Evaluating ChatGPT's Adherence to Hoarseness Guidelines: A Three-Rater Study Including an Otolaryngologist, an Audiologist, and the Model Itself

J Voice. 2026 Jan 2:S0892-1997(25)00538-7. doi: 10.1016/j.jvoice.2025.12.015. Online ahead of print.

Abstract

Objective: To assess the alignment of Chat Generative Pre-trained Transformer (ChatGPT), based on Generative Pre-trained Transformer 4 (GPT-4) with the 2018 Clinical Practice Guideline on Hoarseness (Dysphonia), using a structured three-rater evaluation involving an otolaryngologist, an audiologist, and ChatGPT.

Methods: Thirteen guideline statements were converted into 15 open-ended clinical questions and independently answered by ChatGPT. Responses were assessed for consistency with the guideline using a three-point scale (consistent, partially consistent, inconsistent).

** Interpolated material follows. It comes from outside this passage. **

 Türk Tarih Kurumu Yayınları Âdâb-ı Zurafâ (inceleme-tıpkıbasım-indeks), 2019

Evaluations were performed by an otolaryngologist, an audiologist, and ChatGPT itself, with final adjudication by a senior otolaryngologist.

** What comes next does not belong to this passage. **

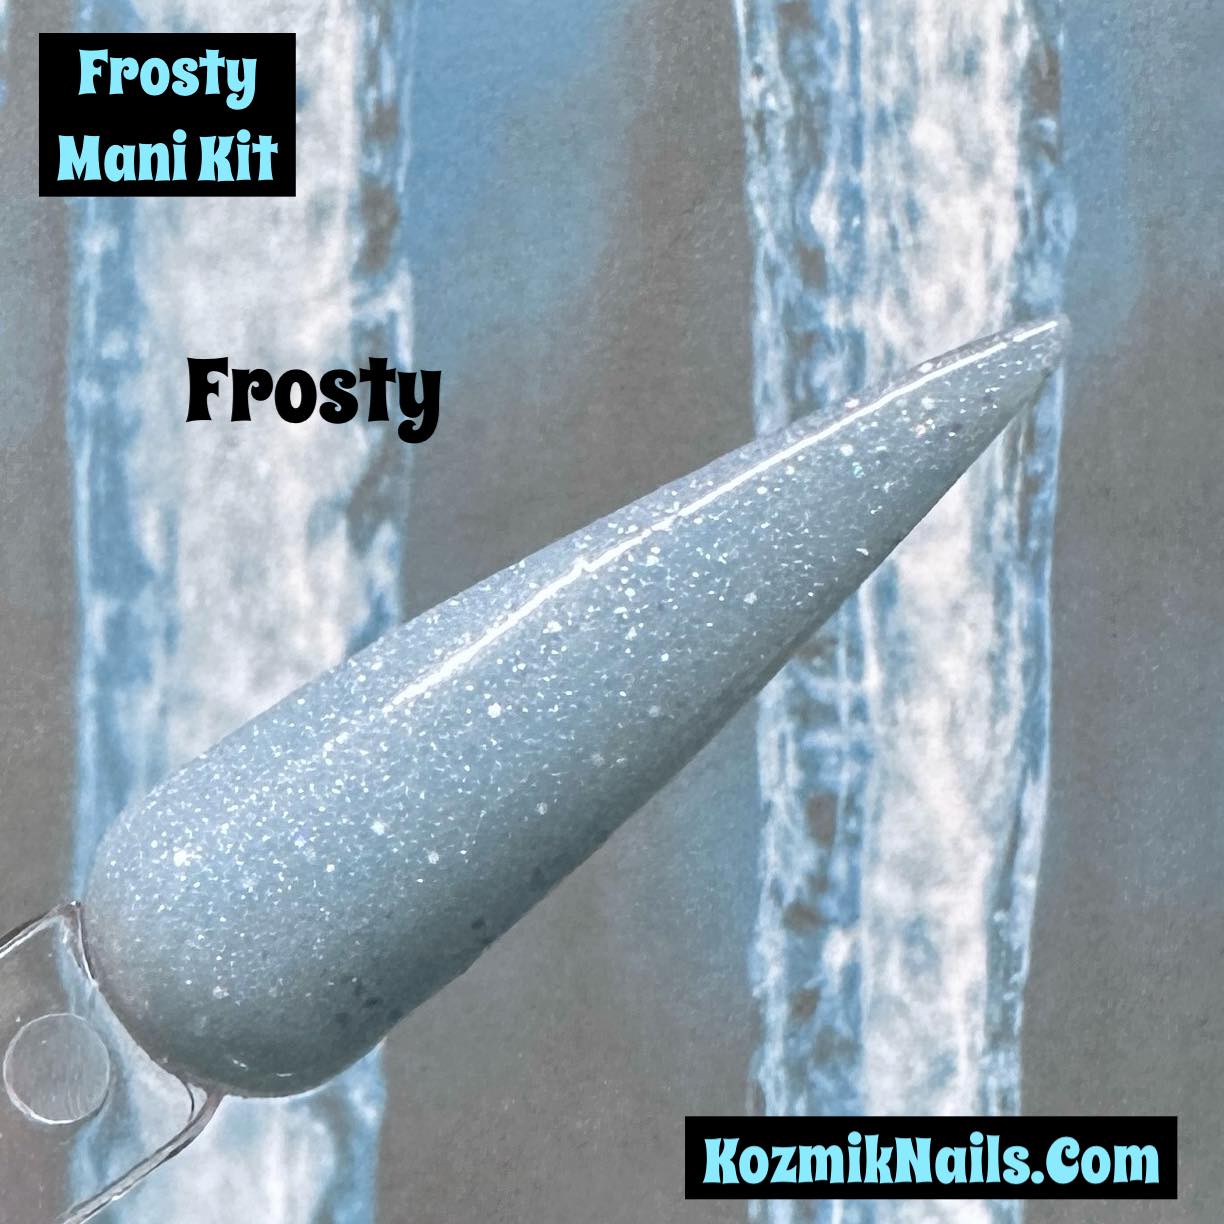 Frosty Mani Kit

Results: Of 15 items, 13 responses (86.7%) were rated as fully consistent by all three raters. Two responses (13.3%) were rated as partially consistent by one evaluator each. No responses were deemed inconsistent. Overall agreement across raters was 97.8%.

Conclusion: ChatGPT's responses showed high concordance with expert recommendations in the evaluation and management of hoarseness. These findings support the potential of large language models as adjunctive tools for patient education and clinical decision-making in voice disorders, when used under expert oversight.

Keywords: Artificial intelligence; ChatGPT; Clinical guideline adherence; Dysphonia; Hoarseness; Voice disorders.